Following experimentation, mice were anesthetized with Beuthanasia 0.2 ml ip (effective content 320 mg/kg pentobarbital; Schering-Plough) and perfused transcardially with phosphate-buffered saline (PBS), followed by 4% paraformaldehyde (Electron Microscopy Sciences) in PBS. Brains were removed and placed in paraformaldehyde at 4 °C overnight, and then cryoprotected in 30% sucrose in PBS overnight, then OCT (Fisher HealthCare) and kept at –80 °C before processing. Coronal sections of 30 μm thickness were cut from the brain on a cryostat. For all Fos studies, every third section was collected (90 μm apart) for quantification.
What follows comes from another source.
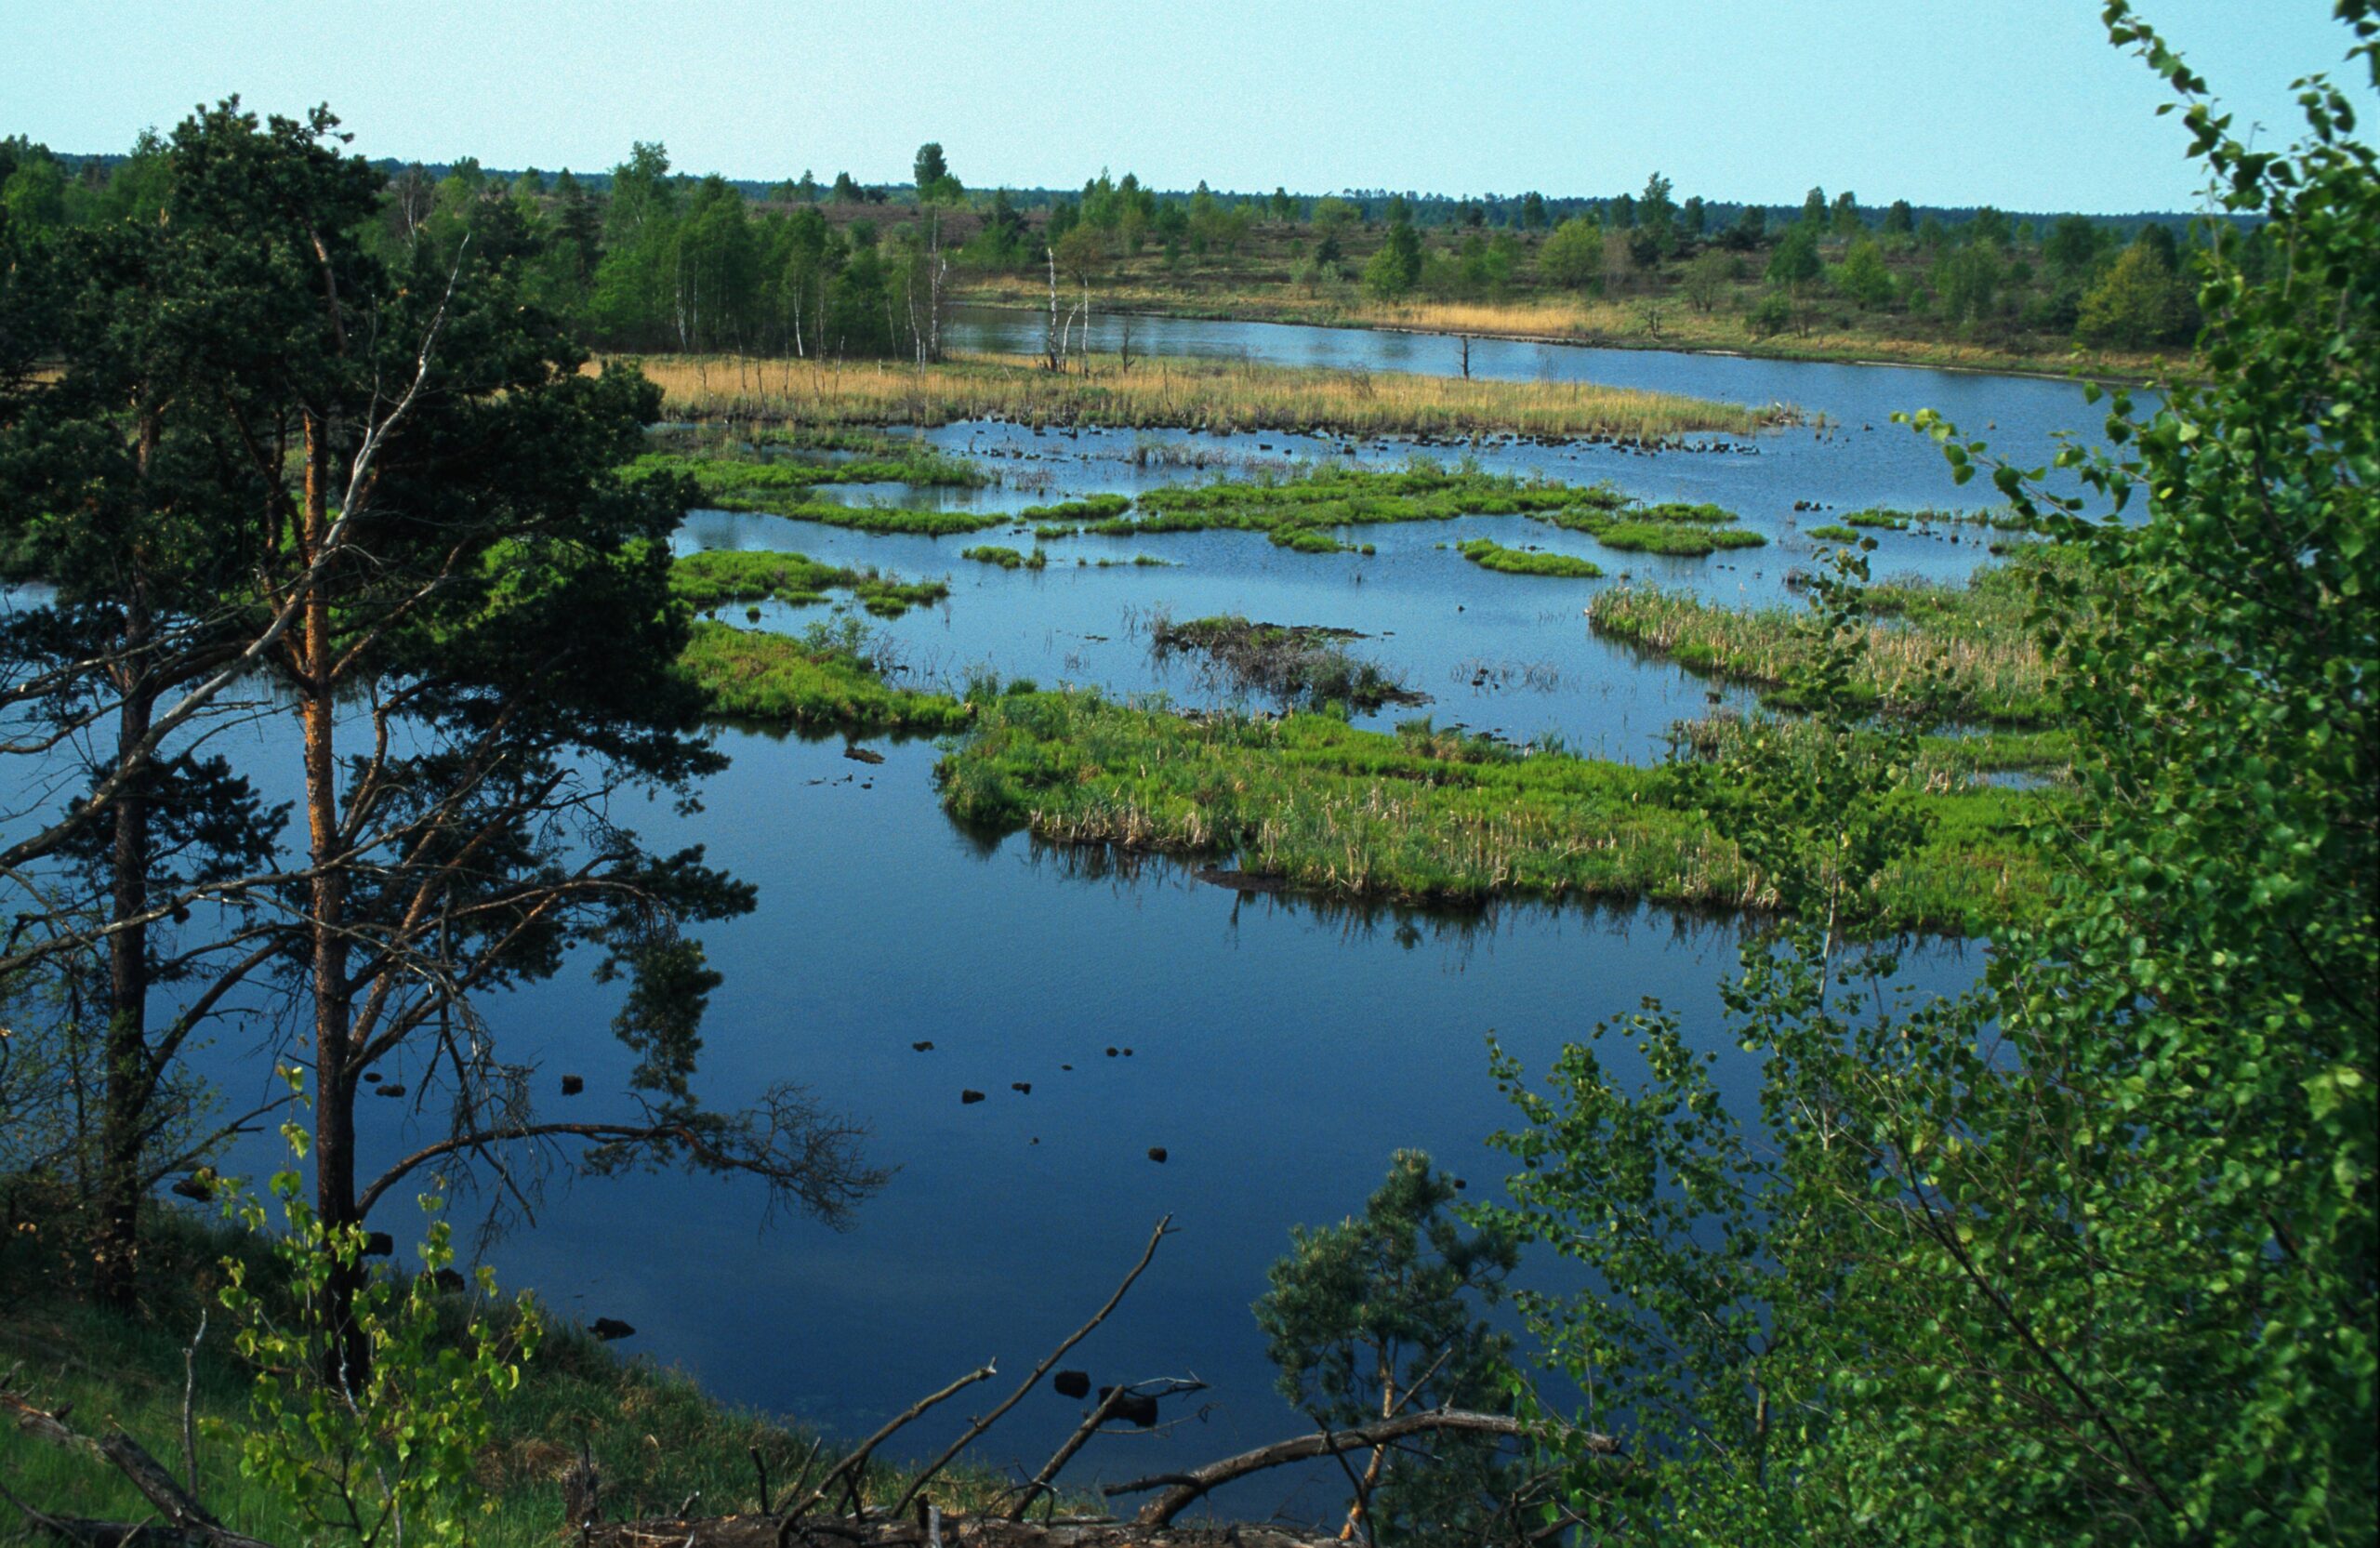 Bild der Tangersdorfer Heide: ein paar Bäume im Vordergrund, eine grün-blaue Sumpf-/Teichlandschaft im Hintergrund

For confirmation of viral targeting, every fifth brain section was mounted onto glass slides (Fisherbrand Superfrost Plus microscope slides, Fisher Scientific) and coverslipped with Dapi Fluoromount G (Southern Biotech), and remaining sections were collected in PBS for further processing as required.

Although Oxtr Cre/+ mice have GFP fused to Cre, we were unable to visualize GFP even after anti-GFP antibody staining; hence OxtrPBN neurons were visualized by genetic crosses with Ai14 mice, which allows expression of TdTomato in Oxtr neurons.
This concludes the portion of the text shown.